====== Data under study ======

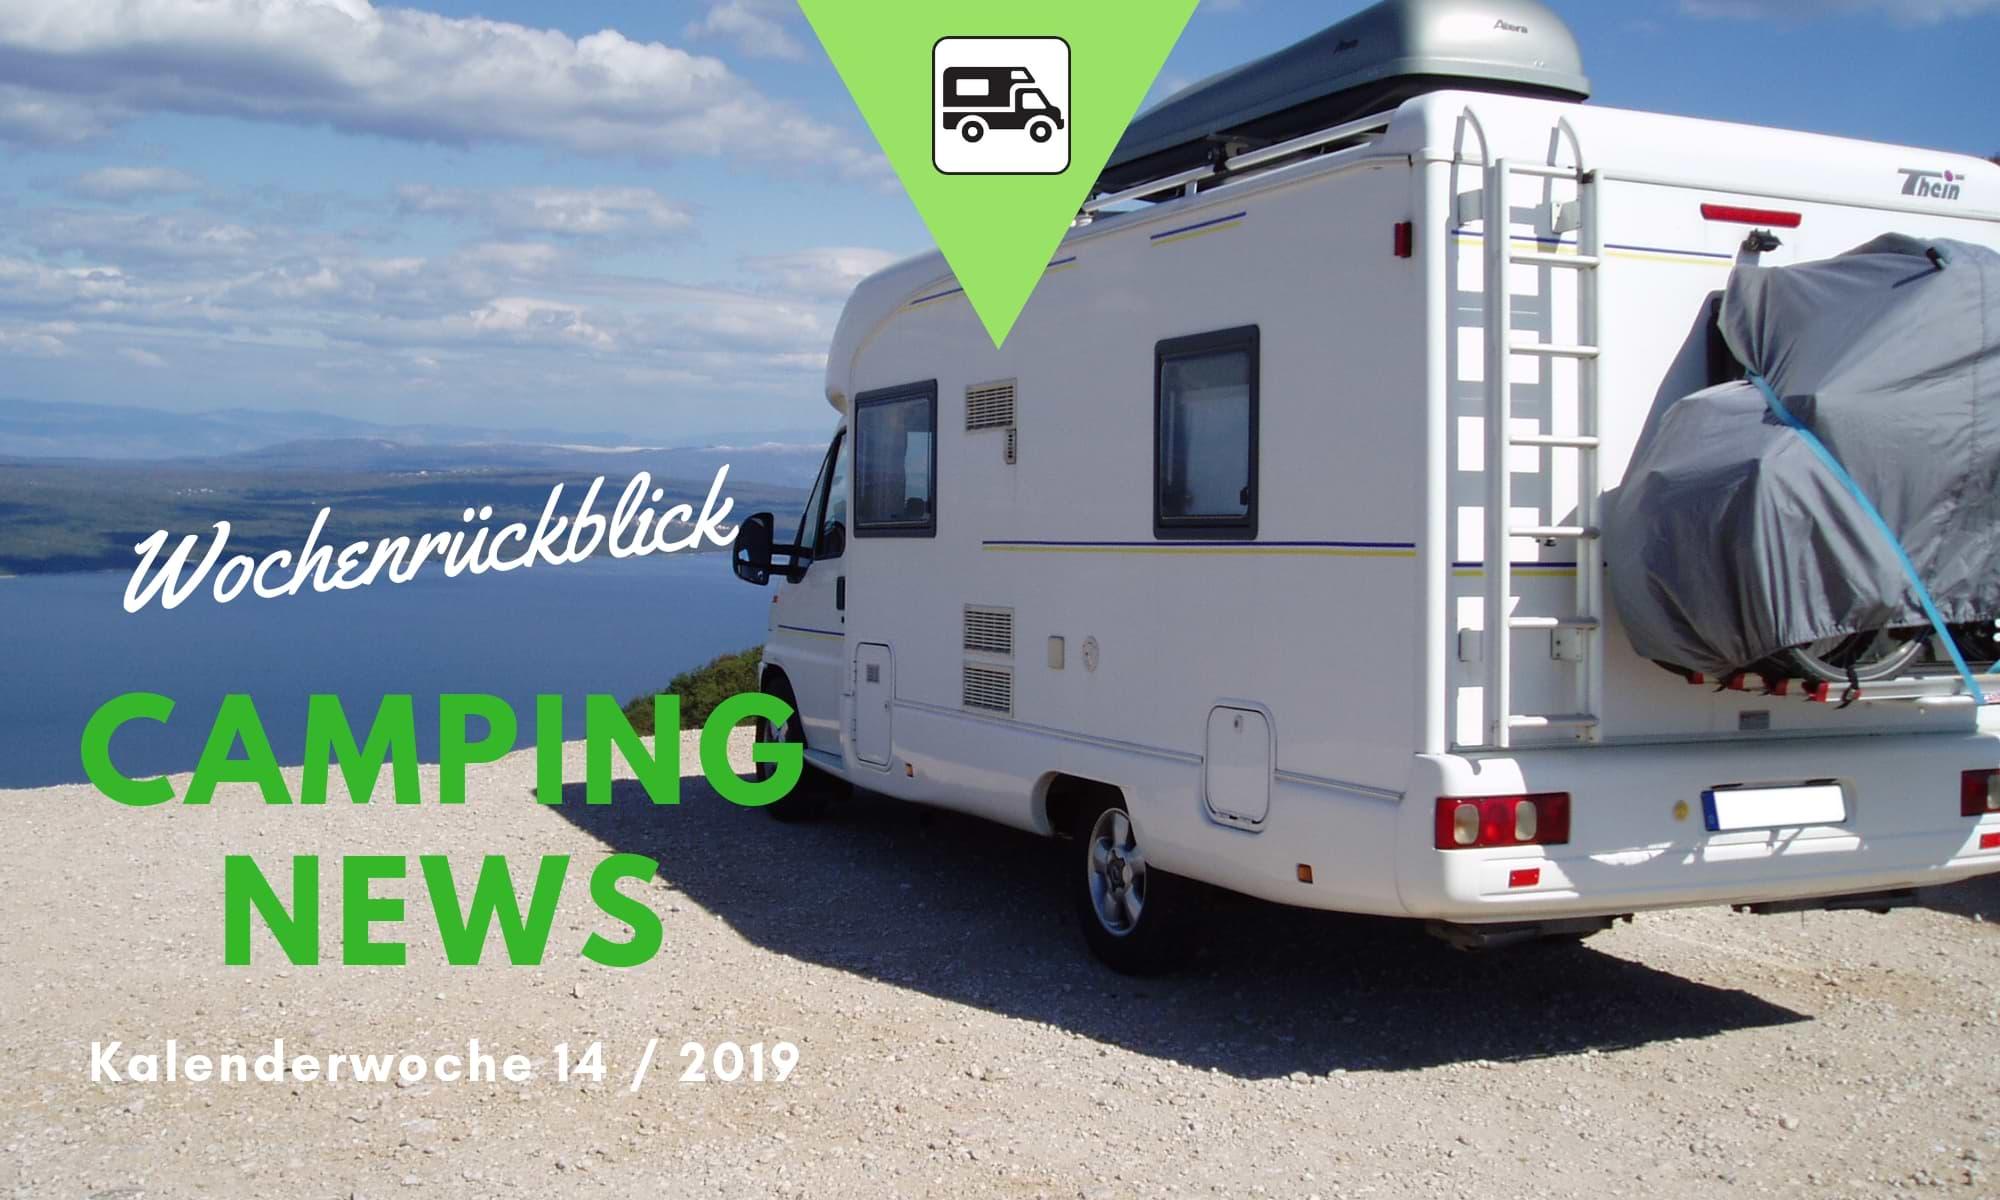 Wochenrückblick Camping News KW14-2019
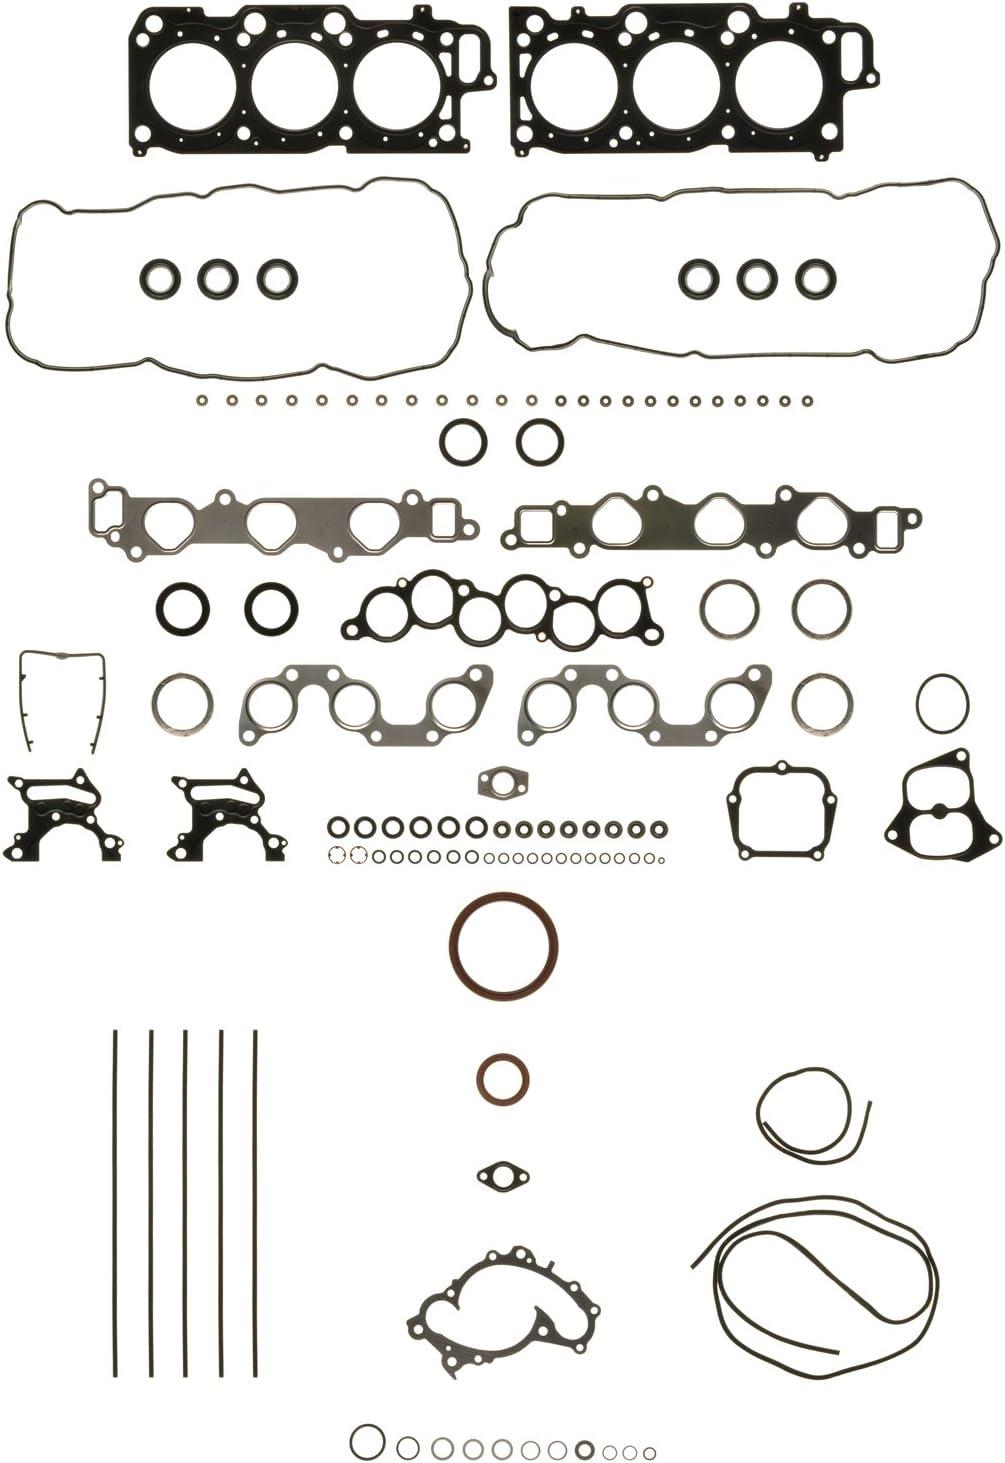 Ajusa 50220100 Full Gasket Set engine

======
====== Data under study ======

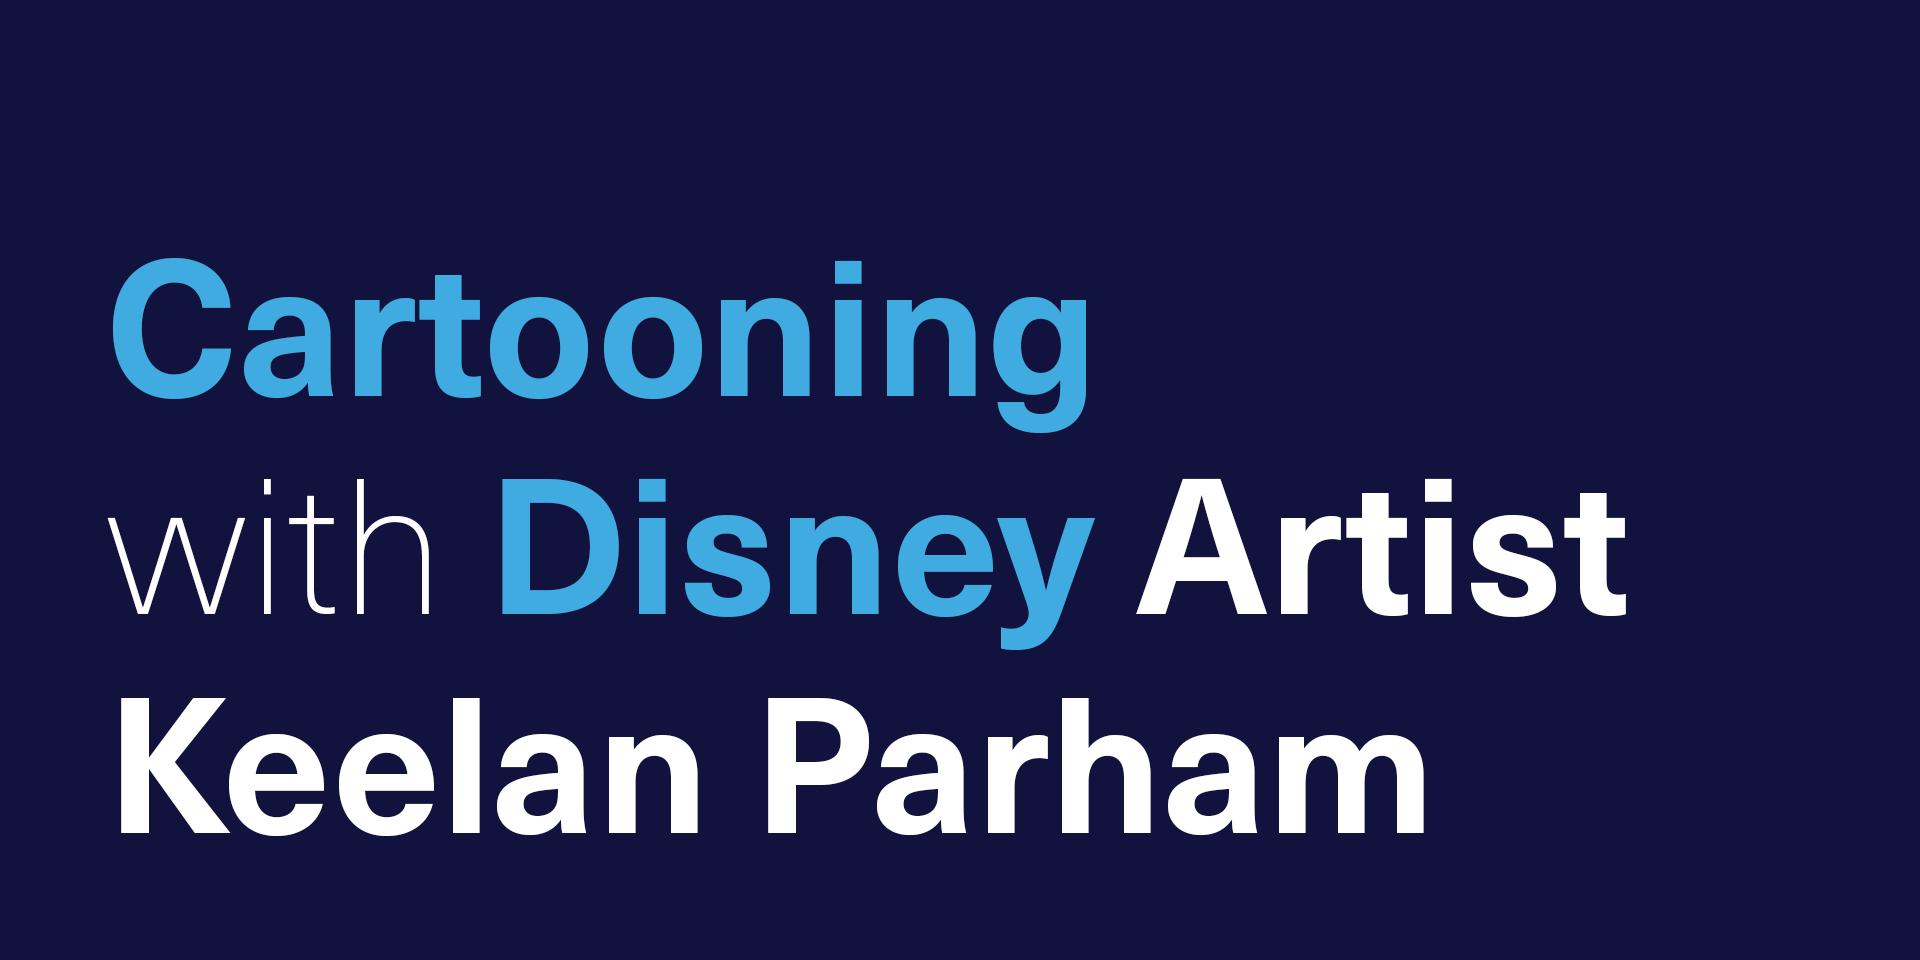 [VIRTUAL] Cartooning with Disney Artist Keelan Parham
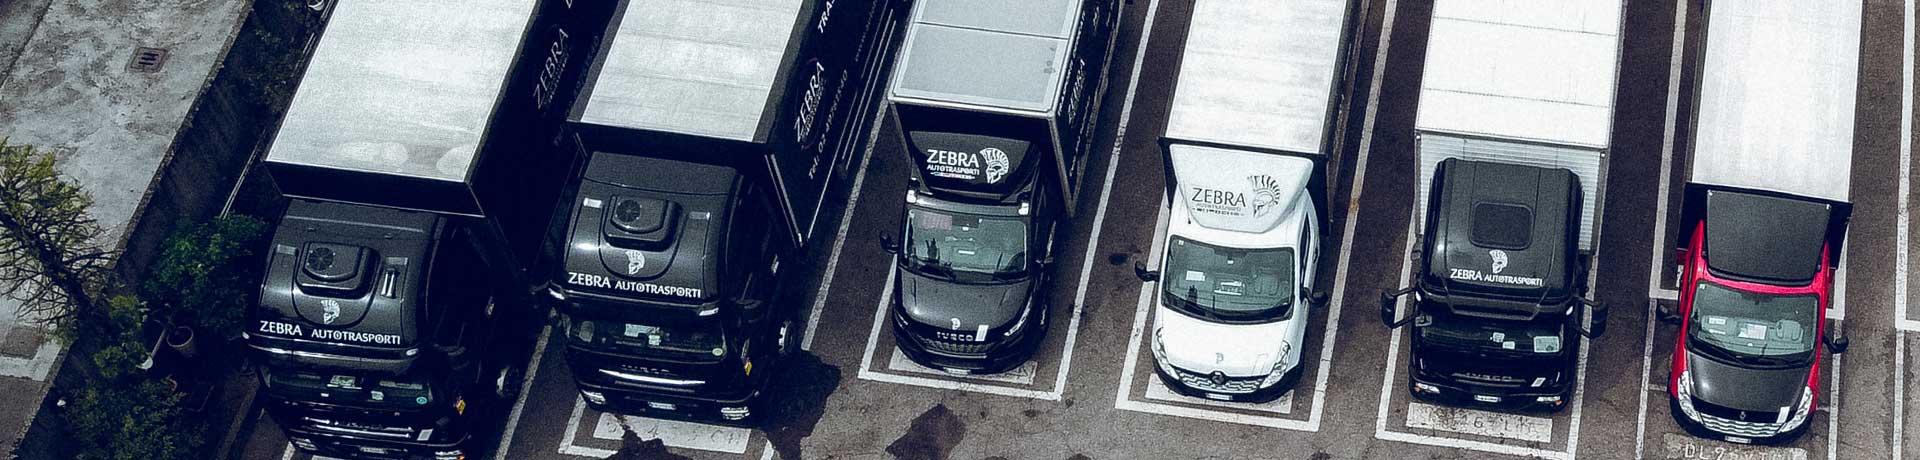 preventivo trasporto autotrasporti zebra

======
====== Data under study ======

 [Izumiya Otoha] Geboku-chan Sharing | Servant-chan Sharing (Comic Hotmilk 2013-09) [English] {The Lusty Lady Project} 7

======

Problem to solve:
Only the lines above from the one containing "[VIRTUAL] Cartooning with" through the one containing "preventivo trasporto autotrasporti zebra" should be returned, verbatim and inclusive, with pictures excluded.

The completed task:
 [VIRTUAL] Cartooning with Disney Artist Keelan Parham
 preventivo trasporto autotrasporti zebra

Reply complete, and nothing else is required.